_Task objective_: Each entry needs to appear again, retyped exactly as it is below.

_Exercise material_:

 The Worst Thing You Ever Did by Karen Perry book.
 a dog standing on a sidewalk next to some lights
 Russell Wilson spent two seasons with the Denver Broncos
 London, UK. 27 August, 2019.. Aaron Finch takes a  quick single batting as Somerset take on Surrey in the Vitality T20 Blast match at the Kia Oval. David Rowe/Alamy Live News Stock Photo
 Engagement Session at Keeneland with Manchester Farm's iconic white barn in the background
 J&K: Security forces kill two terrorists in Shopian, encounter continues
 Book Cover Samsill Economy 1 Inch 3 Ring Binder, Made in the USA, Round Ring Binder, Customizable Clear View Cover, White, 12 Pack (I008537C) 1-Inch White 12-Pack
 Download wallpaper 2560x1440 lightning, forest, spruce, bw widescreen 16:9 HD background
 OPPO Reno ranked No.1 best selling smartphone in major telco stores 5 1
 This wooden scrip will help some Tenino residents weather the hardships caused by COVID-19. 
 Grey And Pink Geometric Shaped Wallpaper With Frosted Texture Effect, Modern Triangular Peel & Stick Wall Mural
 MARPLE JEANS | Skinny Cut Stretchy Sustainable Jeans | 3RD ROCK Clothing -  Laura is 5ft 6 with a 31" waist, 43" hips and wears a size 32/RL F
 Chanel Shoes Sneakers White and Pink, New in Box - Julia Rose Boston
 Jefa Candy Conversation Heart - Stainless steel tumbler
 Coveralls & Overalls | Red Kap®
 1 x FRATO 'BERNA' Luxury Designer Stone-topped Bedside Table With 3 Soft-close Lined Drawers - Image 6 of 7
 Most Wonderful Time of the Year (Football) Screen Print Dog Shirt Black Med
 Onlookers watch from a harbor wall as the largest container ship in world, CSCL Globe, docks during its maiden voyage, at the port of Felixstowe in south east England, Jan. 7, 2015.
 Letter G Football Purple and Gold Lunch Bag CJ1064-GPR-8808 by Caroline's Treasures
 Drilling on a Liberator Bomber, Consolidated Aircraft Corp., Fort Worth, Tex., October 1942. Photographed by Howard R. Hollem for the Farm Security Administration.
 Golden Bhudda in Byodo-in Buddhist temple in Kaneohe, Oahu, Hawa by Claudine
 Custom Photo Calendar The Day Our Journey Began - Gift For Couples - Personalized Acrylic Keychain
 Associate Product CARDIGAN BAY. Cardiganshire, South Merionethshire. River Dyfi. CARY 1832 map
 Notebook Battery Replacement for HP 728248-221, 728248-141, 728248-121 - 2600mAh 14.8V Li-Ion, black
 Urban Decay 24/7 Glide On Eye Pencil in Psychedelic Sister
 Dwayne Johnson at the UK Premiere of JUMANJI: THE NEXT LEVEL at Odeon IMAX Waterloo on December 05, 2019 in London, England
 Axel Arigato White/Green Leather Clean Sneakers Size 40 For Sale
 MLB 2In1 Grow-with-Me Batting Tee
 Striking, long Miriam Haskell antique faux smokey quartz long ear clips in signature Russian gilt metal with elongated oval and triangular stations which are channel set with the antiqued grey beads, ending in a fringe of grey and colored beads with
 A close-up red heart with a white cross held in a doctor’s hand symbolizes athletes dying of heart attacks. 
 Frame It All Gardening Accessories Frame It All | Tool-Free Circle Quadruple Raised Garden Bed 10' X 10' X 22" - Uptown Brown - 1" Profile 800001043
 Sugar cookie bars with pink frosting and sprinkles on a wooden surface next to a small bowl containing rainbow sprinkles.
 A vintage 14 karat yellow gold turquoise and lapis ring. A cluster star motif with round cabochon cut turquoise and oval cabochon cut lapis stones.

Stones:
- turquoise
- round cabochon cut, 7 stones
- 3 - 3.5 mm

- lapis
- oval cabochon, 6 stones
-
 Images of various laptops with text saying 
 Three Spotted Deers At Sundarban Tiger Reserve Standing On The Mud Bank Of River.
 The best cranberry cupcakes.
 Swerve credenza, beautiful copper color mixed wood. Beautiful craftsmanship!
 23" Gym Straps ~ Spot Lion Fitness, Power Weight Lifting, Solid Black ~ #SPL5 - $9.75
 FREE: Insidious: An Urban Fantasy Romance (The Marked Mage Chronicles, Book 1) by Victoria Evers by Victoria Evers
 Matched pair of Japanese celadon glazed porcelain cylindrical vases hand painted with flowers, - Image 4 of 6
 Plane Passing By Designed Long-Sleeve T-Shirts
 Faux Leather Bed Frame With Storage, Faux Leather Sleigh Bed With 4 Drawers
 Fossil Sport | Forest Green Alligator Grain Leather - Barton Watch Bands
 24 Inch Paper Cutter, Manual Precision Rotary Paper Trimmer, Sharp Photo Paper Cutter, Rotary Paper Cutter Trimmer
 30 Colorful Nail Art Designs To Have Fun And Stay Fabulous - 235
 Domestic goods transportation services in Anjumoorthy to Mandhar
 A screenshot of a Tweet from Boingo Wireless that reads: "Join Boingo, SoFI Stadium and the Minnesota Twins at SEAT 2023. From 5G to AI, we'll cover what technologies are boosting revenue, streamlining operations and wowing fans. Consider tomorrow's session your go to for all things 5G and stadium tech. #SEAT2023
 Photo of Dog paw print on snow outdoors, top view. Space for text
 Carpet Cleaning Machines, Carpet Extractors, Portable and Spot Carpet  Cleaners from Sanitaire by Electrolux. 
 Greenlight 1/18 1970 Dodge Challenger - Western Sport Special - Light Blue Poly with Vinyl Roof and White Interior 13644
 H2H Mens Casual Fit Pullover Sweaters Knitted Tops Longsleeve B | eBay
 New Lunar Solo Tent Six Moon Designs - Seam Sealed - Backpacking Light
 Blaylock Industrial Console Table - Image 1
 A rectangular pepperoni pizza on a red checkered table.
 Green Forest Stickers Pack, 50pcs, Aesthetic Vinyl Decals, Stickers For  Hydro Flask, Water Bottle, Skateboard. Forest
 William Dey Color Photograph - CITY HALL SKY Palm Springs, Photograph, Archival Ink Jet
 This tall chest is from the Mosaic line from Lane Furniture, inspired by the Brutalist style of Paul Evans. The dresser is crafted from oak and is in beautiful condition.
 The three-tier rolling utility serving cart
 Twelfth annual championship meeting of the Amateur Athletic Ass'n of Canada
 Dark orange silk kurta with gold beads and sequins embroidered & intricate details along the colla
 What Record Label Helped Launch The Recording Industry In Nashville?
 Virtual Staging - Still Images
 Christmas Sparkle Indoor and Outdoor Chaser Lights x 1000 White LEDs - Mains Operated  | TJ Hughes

_Final answer_:
 The Worst Thing You Ever Did by Karen Perry book.
 a dog standing on a sidewalk next to some lights
 Russell Wilson spent two seasons with the Denver Broncos
 London, UK. 27 August, 2019.. Aaron Finch takes a  quick single batting as Somerset take on Surrey in the Vitality T20 Blast match at the Kia Oval. David Rowe/Alamy Live News Stock Photo
 Engagement Session at Keeneland with Manchester Farm's iconic white barn in the background
 J&K: Security forces kill two terrorists in Shopian, encounter continues
 Book Cover Samsill Economy 1 Inch 3 Ring Binder, Made in the USA, Round Ring Binder, Customizable Clear View Cover, White, 12 Pack (I008537C) 1-Inch White 12-Pack
 Download wallpaper 2560x1440 lightning, forest, spruce, bw widescreen 16:9 HD background
 OPPO Reno ranked No.1 best selling smartphone in major telco stores 5 1
 This wooden scrip will help some Tenino residents weather the hardships caused by COVID-19. 
 Grey And Pink Geometric Shaped Wallpaper With Frosted Texture Effect, Modern Triangular Peel & Stick Wall Mural
 MARPLE JEANS | Skinny Cut Stretchy Sustainable Jeans | 3RD ROCK Clothing -  Laura is 5ft 6 with a 31" waist, 43" hips and wears a size 32/RL F
 Chanel Shoes Sneakers White and Pink, New in Box - Julia Rose Boston
 Jefa Candy Conversation Heart - Stainless steel tumbler
 Coveralls & Overalls | Red Kap®
 1 x FRATO 'BERNA' Luxury Designer Stone-topped Bedside Table With 3 Soft-close Lined Drawers - Image 6 of 7
 Most Wonderful Time of the Year (Football) Screen Print Dog Shirt Black Med
 Onlookers watch from a harbor wall as the largest container ship in world, CSCL Globe, docks during its maiden voyage, at the port of Felixstowe in south east England, Jan. 7, 2015.
 Letter G Football Purple and Gold Lunch Bag CJ1064-GPR-8808 by Caroline's Treasures
 Drilling on a Liberator Bomber, Consolidated Aircraft Corp., Fort Worth, Tex., October 1942. Photographed by Howard R. Hollem for the Farm Security Administration.
 Golden Bhudda in Byodo-in Buddhist temple in Kaneohe, Oahu, Hawa by Claudine
 Custom Photo Calendar The Day Our Journey Began - Gift For Couples - Personalized Acrylic Keychain
 Associate Product CARDIGAN BAY. Cardiganshire, South Merionethshire. River Dyfi. CARY 1832 map
 Notebook Battery Replacement for HP 728248-221, 728248-141, 728248-121 - 2600mAh 14.8V Li-Ion, black
 Urban Decay 24/7 Glide On Eye Pencil in Psychedelic Sister
 Dwayne Johnson at the UK Premiere of JUMANJI: THE NEXT LEVEL at Odeon IMAX Waterloo on December 05, 2019 in London, England
 Axel Arigato White/Green Leather Clean Sneakers Size 40 For Sale
 MLB 2In1 Grow-with-Me Batting Tee
 Striking, long Miriam Haskell antique faux smokey quartz long ear clips in signature Russian gilt metal with elongated oval and triangular stations which are channel set with the antiqued grey beads, ending in a fringe of grey and colored beads with
 A close-up red heart with a white cross held in a doctor’s hand symbolizes athletes dying of heart attacks. 
 Frame It All Gardening Accessories Frame It All | Tool-Free Circle Quadruple Raised Garden Bed 10' X 10' X 22" - Uptown Brown - 1" Profile 800001043
 Sugar cookie bars with pink frosting and sprinkles on a wooden surface next to a small bowl containing rainbow sprinkles.
 A vintage 14 karat yellow gold turquoise and lapis ring. A cluster star motif with round cabochon cut turquoise and oval cabochon cut lapis stones.

Stones:
- turquoise
- round cabochon cut, 7 stones
- 3 - 3.5 mm

- lapis
- oval cabochon, 6 stones
-
 Images of various laptops with text saying 
 Three Spotted Deers At Sundarban Tiger Reserve Standing On The Mud Bank Of River.
 The best cranberry cupcakes.
 Swerve credenza, beautiful copper color mixed wood. Beautiful craftsmanship!
 23" Gym Straps ~ Spot Lion Fitness, Power Weight Lifting, Solid Black ~ #SPL5 - $9.75
 FREE: Insidious: An Urban Fantasy Romance (The Marked Mage Chronicles, Book 1) by Victoria Evers by Victoria Evers
 Matched pair of Japanese celadon glazed porcelain cylindrical vases hand painted with flowers, - Image 4 of 6
 Plane Passing By Designed Long-Sleeve T-Shirts
 Faux Leather Bed Frame With Storage, Faux Leather Sleigh Bed With 4 Drawers
 Fossil Sport | Forest Green Alligator Grain Leather - Barton Watch Bands
 24 Inch Paper Cutter, Manual Precision Rotary Paper Trimmer, Sharp Photo Paper Cutter, Rotary Paper Cutter Trimmer
 30 Colorful Nail Art Designs To Have Fun And Stay Fabulous - 235
 Domestic goods transportation services in Anjumoorthy to Mandhar
 A screenshot of a Tweet from Boingo Wireless that reads: "Join Boingo, SoFI Stadium and the Minnesota Twins at SEAT 2023. From 5G to AI, we'll cover what technologies are boosting revenue, streamlining operations and wowing fans. Consider tomorrow's session your go to for all things 5G and stadium tech. #SEAT2023
 Photo of Dog paw print on snow outdoors, top view. Space for text
 Carpet Cleaning Machines, Carpet Extractors, Portable and Spot Carpet  Cleaners from Sanitaire by Electrolux. 
 Greenlight 1/18 1970 Dodge Challenger - Western Sport Special - Light Blue Poly with Vinyl Roof and White Interior 13644
 H2H Mens Casual Fit Pullover Sweaters Knitted Tops Longsleeve B | eBay
 New Lunar Solo Tent Six Moon Designs - Seam Sealed - Backpacking Light
 Blaylock Industrial Console Table - Image 1
 A rectangular pepperoni pizza on a red checkered table.
 Green Forest Stickers Pack, 50pcs, Aesthetic Vinyl Decals, Stickers For  Hydro Flask, Water Bottle, Skateboard. Forest
 William Dey Color Photograph - CITY HALL SKY Palm Springs, Photograph, Archival Ink Jet
 This tall chest is from the Mosaic line from Lane Furniture, inspired by the Brutalist style of Paul Evans. The dresser is crafted from oak and is in beautiful condition.
 The three-tier rolling utility serving cart
 Twelfth annual championship meeting of the Amateur Athletic Ass'n of Canada
 Dark orange silk kurta with gold beads and sequins embroidered & intricate details along the colla
 What Record Label Helped Launch The Recording Industry In Nashville?
 Virtual Staging - Still Images
 Christmas Sparkle Indoor and Outdoor Chaser Lights x 1000 White LEDs - Mains Operated  | TJ Hughes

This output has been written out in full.